Providing space for children and young people to think is the most profound gift we can give them. That space is a complete statement of RESPECT. That space has no control switches. That space holds no judgement. That space offers warmth and unconditional acceptance of the child as a person. It is private and accessed by invitation only.

Our children and young people need THEIR OWN SPACE to process, to question, to organize their thoughts, to consider, to wonder, to imagine, to make decisions that fit who they are and what they have learned so far.

If children are surrounded and managed by adults at all times, they stop growing inside and become their best version of accommodation to adult mandates. They are crippled with a persona that is not really them, just the adult version of their adults imposed on a new canvas which lacks autonomy and identity.

A society which does not offer children opportunities to create and be original and different and to challenge status quo, becomes a stagnant entity turning in on itself with no newness to enhance itself and grow better.

I recently discovered a quote by a foundational thinker in education: Jean Piaget

"Education for most people means trying to lead the child to resemble the typical adult of his society. But for me, education means making creators ... You have to make inventors, innovators, not conformists."

Our children and young people are the future of the world. Providing space for them to grow and learn and question is our highest calling and the essential contribution of our generation of adults. We must nurture the hope and learning and wisdom of what they have seen and heard and processed as they have developed from birth. We must LISTEN to them and LEARN with and from them.

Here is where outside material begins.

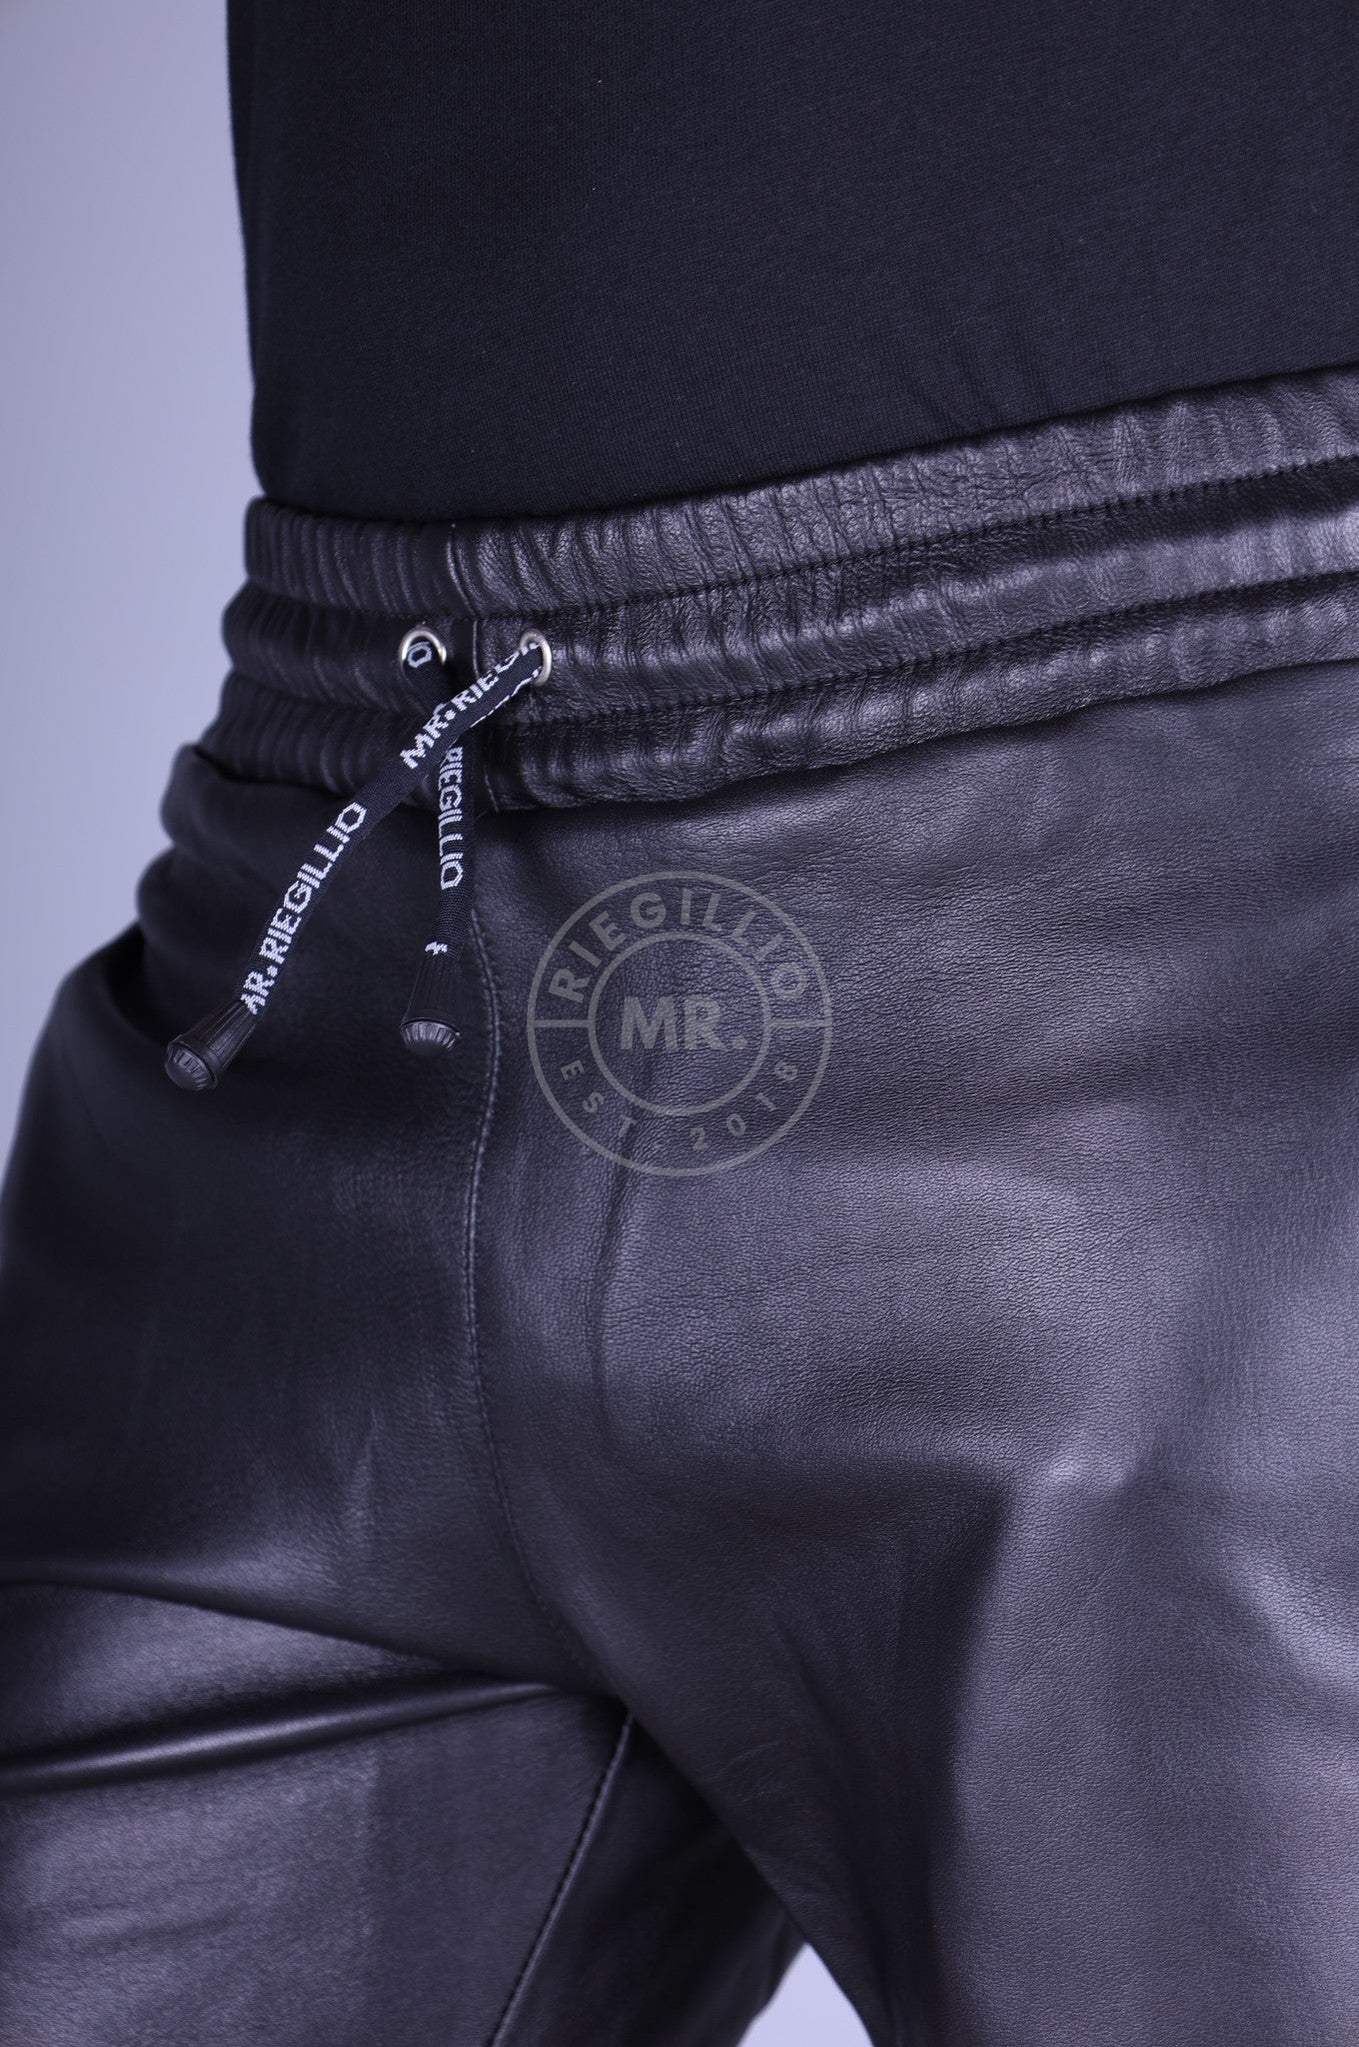 Schwarze Lederhose 5 Pocket von MR. Riegillio

We must recognize and learn how to engage with the PERSONHOOD of children. Current society adults are still largely assumed to represent appropriate power and control. Parenting is endorsed as a power based approach by belief systems, policy statements, social structures and strategies, to raise ‘good’ children. Children, who are raised by adults who believe their role and right is to manage and control children as ‘owned’, are punished for thinking differently and questioning. Children are learning from their world. Learning produces new ideas and creates innovation. To a great extent our adult culture is entrenched in reinforcing and repeating status quo.

We cannot risk making our children duplicates of ourselves. We need to encourage their thinking and their belief in themselves. Their confidence in themselves must be double underlined by our belief and trust in them. They are as capable as we allow them to be.